If we find an entry with the same key, we don’t need to create a new entry, we can just update the existing entry with the new value. The number of elements in the dictionary does not change.
On the other hand, if we didn’t find an entry with the same key, we need to create a new entry for the new key/value pair. First, we instantiate DictEntry
with key
& value
, then we need to add it to the linked list.

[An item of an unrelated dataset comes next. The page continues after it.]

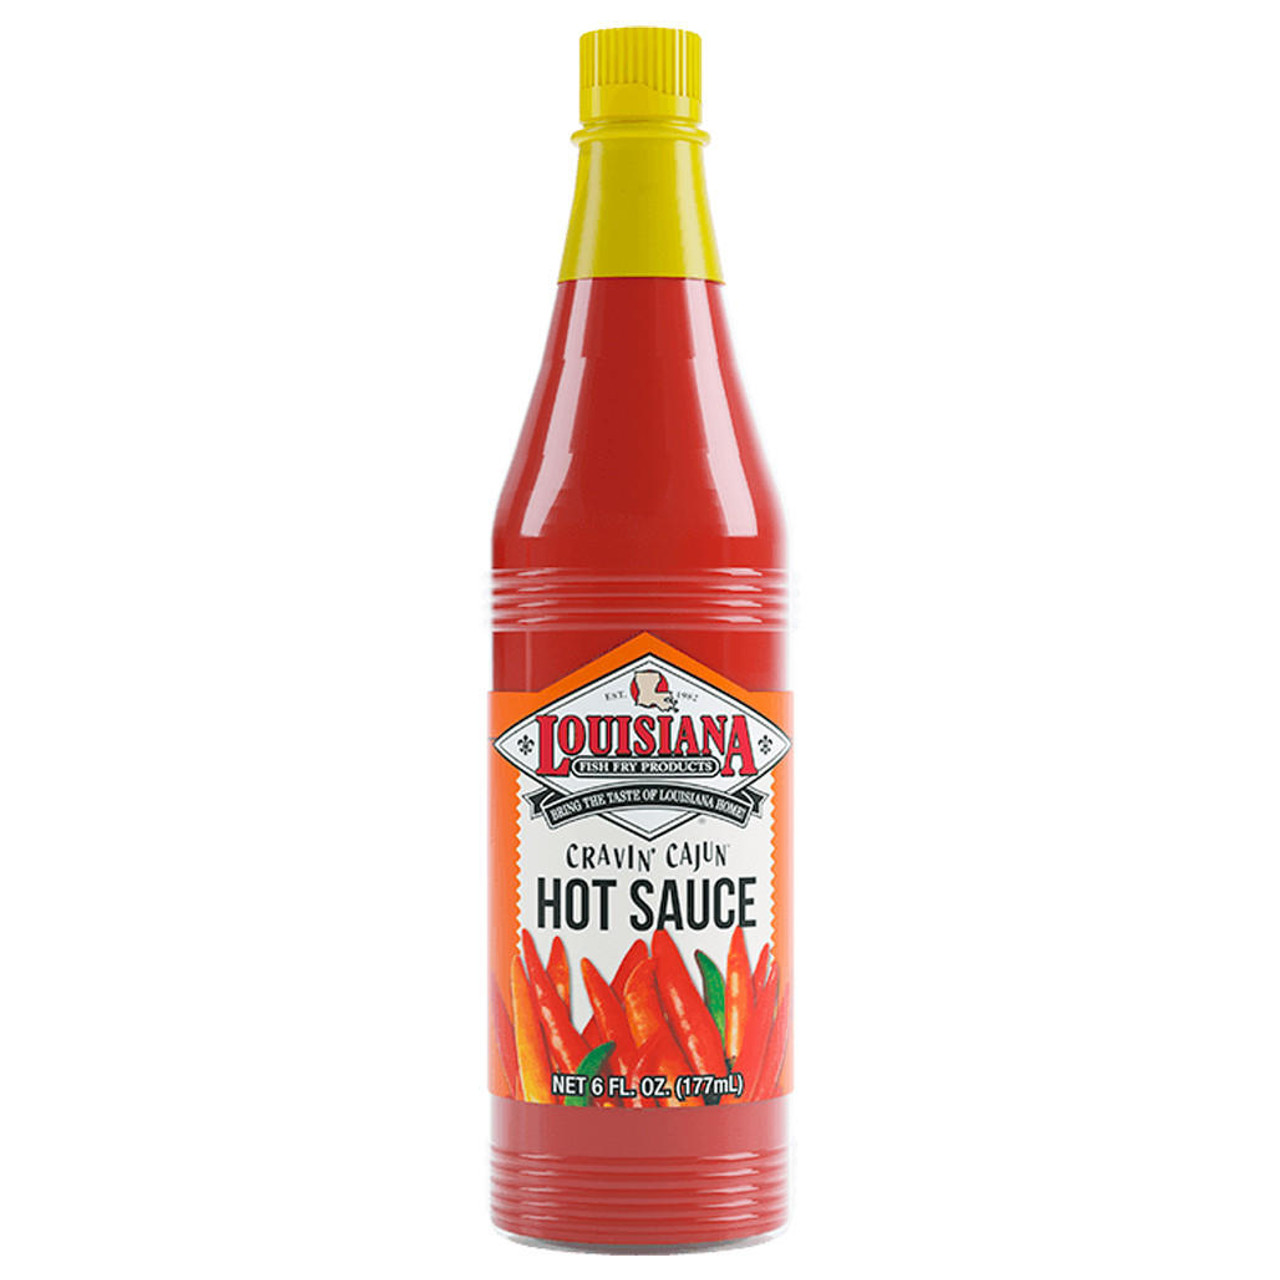 Hot Sauce - Cravin' Cajun, 6oz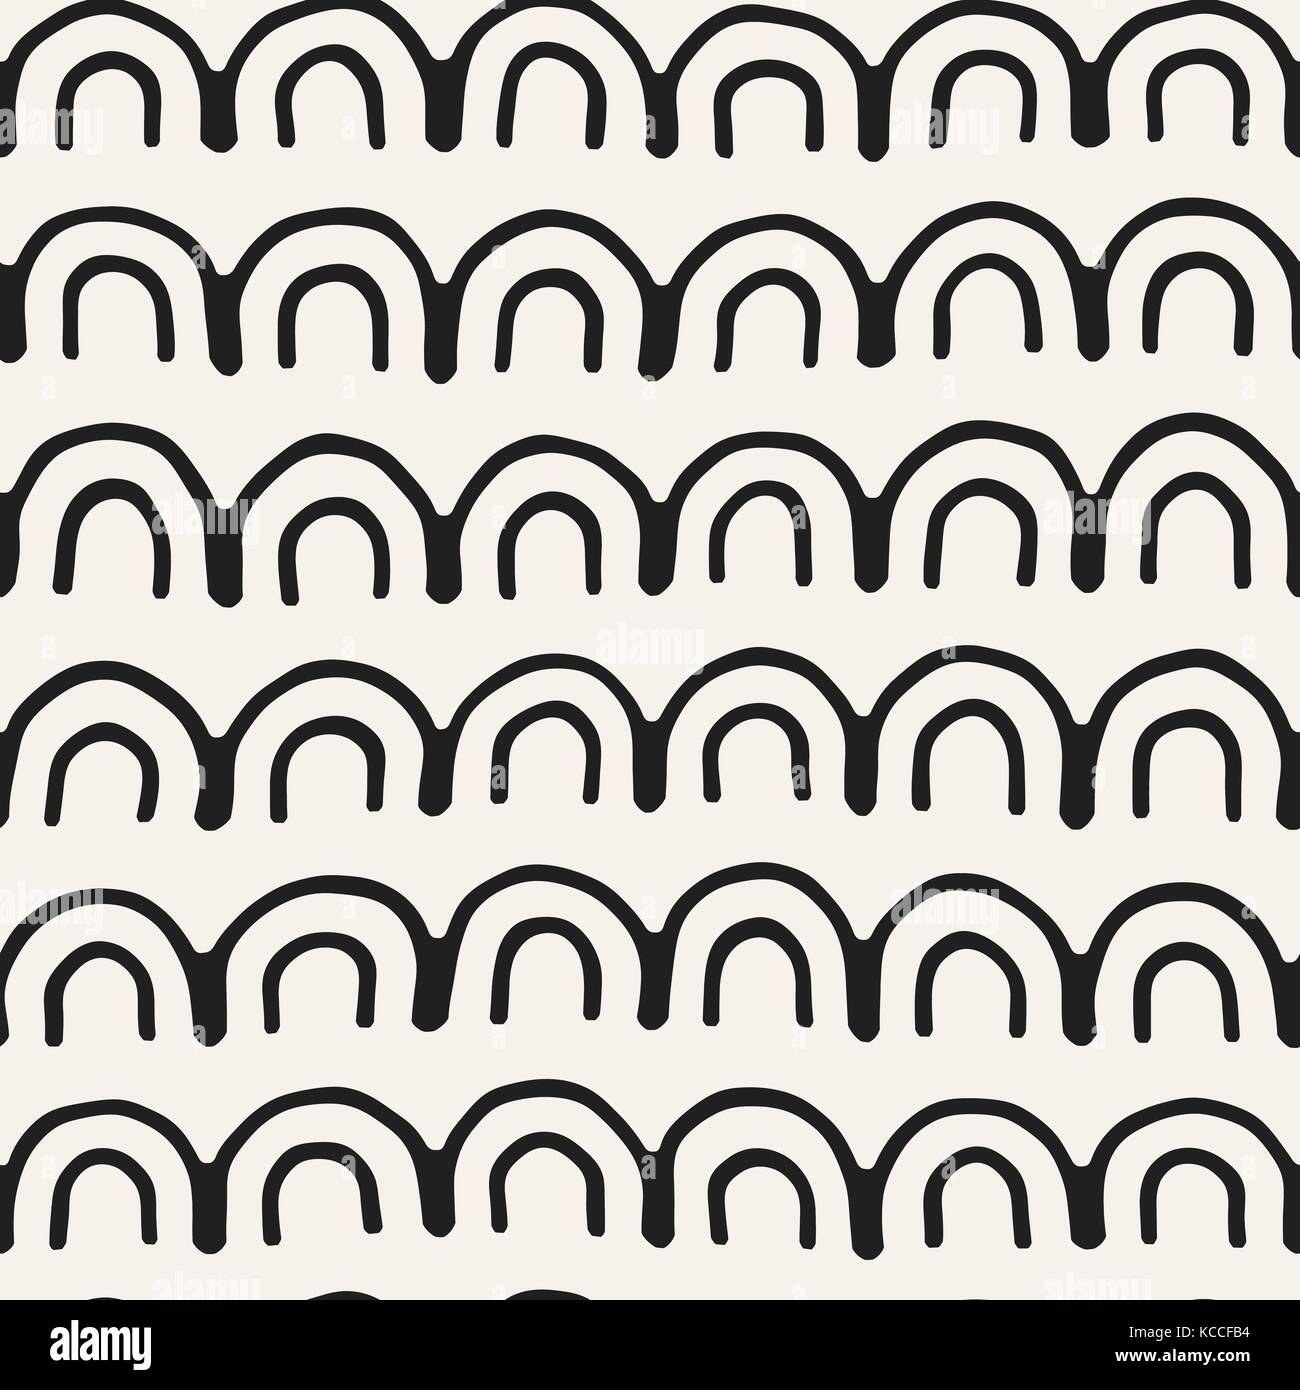 Monochrome minimalistisch Tribal nahtlose Muster mit arc Linien. vector Hintergrund mit inky Schwarze Kunst auf weißem gerundeten Streifen. Stock Vektor

There are essentially two valid options for us here, either append the element to the list or prepend it. Prepending to a linked list is a constant time operation O(1), whereas appending is proportional to the size of list, it is an O(n) operation. Let’s illustrate with an example, we’ll start by creating a list with three elements
entry1 = BYORedis::DictEntry.new(1, 'value-1') # => nil
entry2 = BYORedis::DictEntry.new(2, 'value-2') # => nil
entry3 = BYORedis::DictEntry.new(3, 'value-3') # => nil
entry1.next = entry2 # => nil
entry2.next = entry3 # => nil
entry1 # => #<BYORedis::DictEntry:0x00007fd57403dbc0 @key=1, @value="value-1", @next=#<BYORedis::DictEntry:0x00007fd577a3eb58 @key=2, @value="value-2", @next=#<BYORedis::DictEntry:0x00007fd5779c3d90 @key=3, @value="value-3", @next=nil>>>
Now that the list is created, let’s assume we only have a single variable for the list, list
, which is equal to entry1
in the previous example, prepending a new node is done as follows:
new_entry = BYORedis::DictEntry.new(99, 'value-99') # => nil
new_entry.next = list # => nil
list = new_entry # => nil
list # => #<BYORedis::DictEntry:0x00007fd5779b8878 @key=99, @value="value-99", @next=#<BYORedis::DictEntry:0x00007fd57403dbc0 @key=1, @value="value-1", @next=#<BYORedis::DictEntry:0x00007fd577a3eb58 @key=2, @value="value-2", @next=#<BYORedis::DictEntry:0x00007fd5779c3d90 @key=3, @value="value-3", @next=nil>>>>
This process can be repeated regardless of the size of the list. On the other hand, to append an element, we first need to find the last element, here is how we do it:
new_entry = BYORedis::DictEntry.new(99, 'value-99') # => nil
current_entry = list # => nil
current_entry = current_entry.next while current_entry.next != nil # => nil
current_entry.next = new_entry # => nil
list # => #<BYORedis::DictEntry:0x00007fd57403dbc0 @key=1, @value="value-1", @next=#<BYORedis::DictEntry:0x00007fd577a3eb58 @key=2, @value="value-2", @next=#<BYORedis::DictEntry:0x00007fd5779c3d90 @key=3, @value="value-3", @next=#<BYORedis::DictEntry:0x00007fd5779b8878 ...>>>>
The third line iterates through all the elements in the list. The more elements, the longer it’ll take. Some linked list implementations work around this issue by always maintaining a pointer to the last element.
Back to our collision handling, even though appending has a worst time complexity compared to prepending, O(n) vs O(1), given that we need to iterate through all the items in the list anyway, to make sure the key does not already exist, we could have kept a variable pointing at the last element.
Redis chooses the prepend option with the assumption that it might be common for recently added items to be accessed more frequently. If this assumption holds true, future lookups would find the key/value pair early in the list, instead of having to iterate through the end of the list.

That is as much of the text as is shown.